The pGEM-7Zf(+) and pGEM-7Zf(-) Vectors are derivatives of the pGEM-3Zf(+) Vector and contain the origin of replication of the filamentous phage f1. These plasmids serve as standard cloning vectors, as templates for in vitro transcription and can be used for the production of circular ssDNA. These plasmids contain SP6 and T7 RNA polymerase promoters flanking a region of multiple cloning sites within the alpha-peptide coding region of beta-galactosidase. Insertional inactivation of the alpha-peptide allows recombinant clones to be identified directly by color screening on indicator plates when using appropriate E. coli strains (e.g., JM109). The multiple cloning region is unique and includes restriction sites for ApaI, AatII, SphI, XbaI, XhoI, EcoRI, KpnI, SmaI, ClaI, HindIII, BamHI, SacI, BstXI and NsiI. This arrangement is designed specifically for generating unidirectional deletions with the Erase-a-Base System. pGEM-7Zf(+) and pGEM-7Zf(-) Vectors are identical except for the orientation of the f1 origin.

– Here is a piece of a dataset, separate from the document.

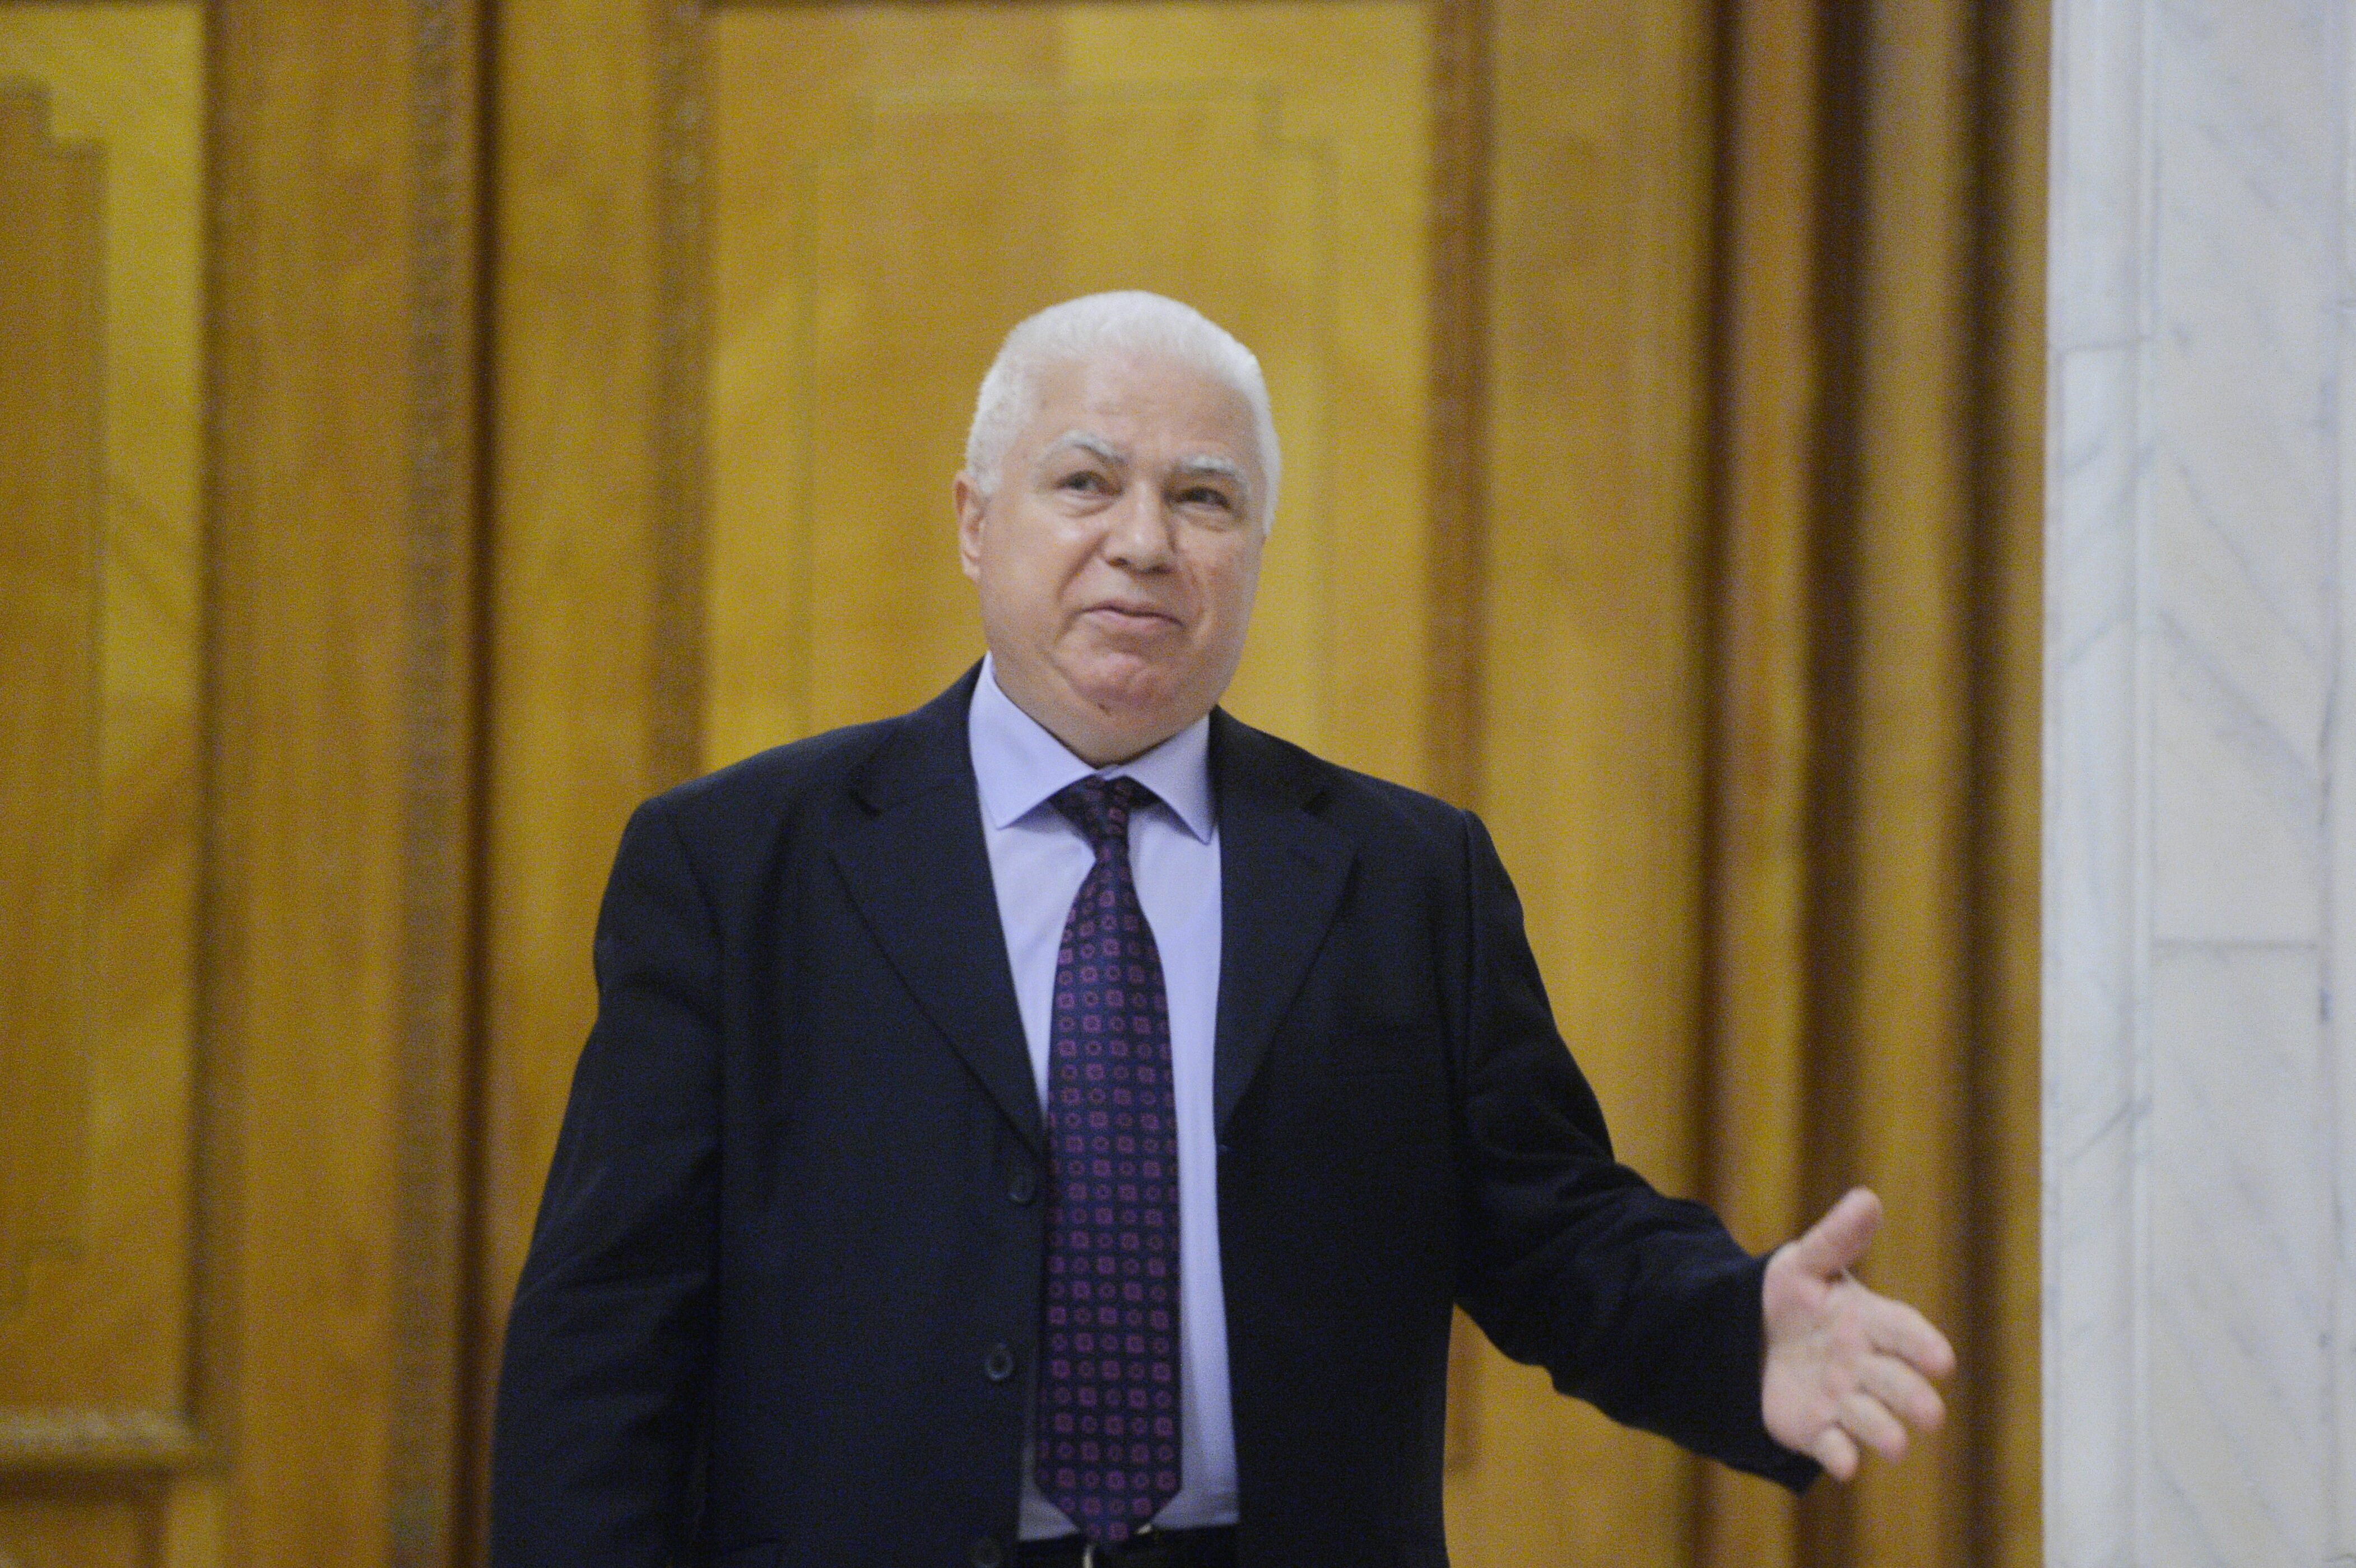 Petre Lăzăroiu, judecătorul CCR care a acuzat presiuni din partea unui consilier prezidenţial: Eu l-am votat pe preşedinte. Nu am votat niciodată cu PSD/ Comisia de la Veneţia va fi sesizată luni

The pGEM-5Zf(+) Vector serves as a standard cloning vector and as a template for in vitro transcription. This vector contains T7 and SP6 RNA polymerase promoters flanking a multiple cloning region within the alpha-peptide coding region of beta-galactosidase. Insertional inactivation of the alpha-peptide allows recombinant clones to be identified directly by color screening on indicator plates when using appropriate E. coli strains (e.g., JM109). The multiple cloning region contains unique restriction sites for ApaI, AatII, SphI, NcoI, SacII, EcoRV, SpeI, NotI, PstI, SalI, NdeI, SacI, BstXI and NsiI.

The pGEM-11Zf(+) and pGEM-11Zf(-) Vectors can be used as standard cloning vectors, as templates for in vitro transcription and for the production of ssDNA. These plasmids contain T7 and SP6 RNA polymerase promoters flanking a multiple cloning region within the alpha-peptide coding region of beta-galactosidase. Insertional inactivation of the alpha-peptide allows recombinant clones to be identified directly by color screening on indicator plates when using appropriate E. coli strains (e.g., JM109). The multiple cloning region contains unique restriction sites for SfiI, SacI, EcoRI, SalI, XhoI, BamHI, ApaI, XbaI, NotI, SphI, NsiI and HindIII. The pGEM-11Zf(-) and pGEM-11Zf(+) Vectors are identical except for the orientation of the f1 origin.